Le glas recommença de sonner. Le corps sortait de l'église pour se rendre au cimetière.
Comment se faisait-il qu'on ne lui eût pas parlé de cet événement? C'était intéressant pour lui, au bout du compte! On le lui avait caché, pourquoi? Avait-on cru qu'il lui serait désagréable d'apprendre que cette fille s'était noyée? Mais en quoi cela pouvait-il lui être désagréable? Est-ce que c'était sa faute? Est-ce qu'ils auraient l'aplomb de dire que c'était sa faute? C'est là ce qu'il faudrait voir, par exemple!
Bagrianof s'arrêta devant la porte comme pour sortir. La grosse cloche tintait toujours à coups lents et égaux,--les petites cloches sonnaient de temps en temps ensemble avec un bruit de sanglots... Bagrianof tourna le dos à la porte et se remit à marcher.
Sa faute? En quoi sa faute? Pas pour celle-là au moins!... Elle était venue le trouver, l'effrontée! Elle avait demandé la grâce de son amant,--car enfin qui pouvait se douter que ce n'était pas son amant, mais seulement son fiancé? Il avait cru que c'était son amant, lui: les filles de village ne sont pas, à l'ordinaire, d'une vertu si farouche! Oh! non, ce n'était pas sa faute, à lui. Elle n'avait pas besoin de venir le trouver!... Mais quî donc avait eu l'aplomb de dire que c'était sa faute?...
Il se retourna brusquement, cherchant à dévisager l'audacieux... Il était seul.
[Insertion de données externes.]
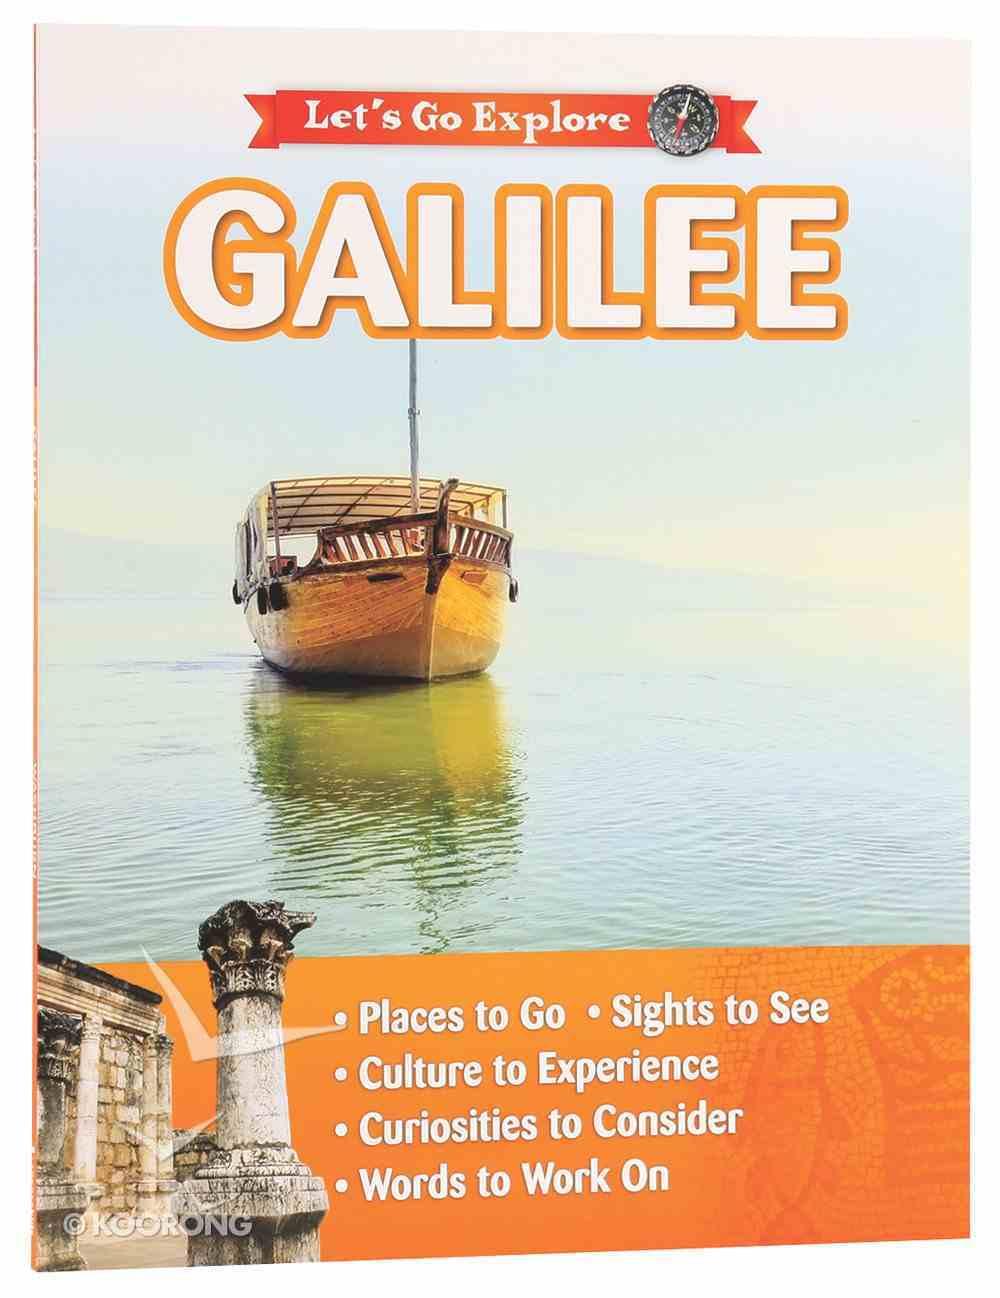 Galilee (Let's Go Explore Series) Paperback

Alors il se rappela que c'était Timothée qui lui avait dit: "exprès" comme pour le braver. Elle s'était noyée exprès; c'est Timothée qui l'avait dit, Timothée le payerait sans tarder! Et le prêtre qui faisait un enterrement de seigneur à cette fille!...
Bagrianof s'arrêta. Le glas avait cessé. Le silence et la résolution qu'il venait de prendre de châtier l'insolent lui firent beaucoup de bien.
Il s'assit dans son fauteuil, ouvrit son tiroir, prit la lettre à l'archevêque et la mit bien en évidence; puis il alluma un cigare et se remit à lire. Mais il ne comprit pas un mot de ce qu'il lisait.
Fédotia avait de belles funérailles. Sauf les bambins dont les cris avaient désorienté le vieux domestique, personne n'était resté au logis.
Le père avait voulu la grand'messe avec les chantres, et le prêtre avait consenti à tout, prenant la responsabilité sur lui: il avait fait le sacrifice de sa place. D'ailleurs la jeune mère paraissait plus forte, le petit avait bonne envie de vivre, et, si cruel que fût Bagrianof, il ne pouvait les chasser avant un mois au moins. Dans un mois, il mettrait tous ses trésors sur une pauvre charrette, et il irait où la grâce de Dieu et de ses supérieurs voudrait bien l'envoyer,--en Sibérie, s'il le fallait, enseigner la loi de Dieu aux Toungouses. Ne serait-il pas sûr de la vie, riche de posséder sa femme et son enfant, qu'on ne pouvait lui ravir?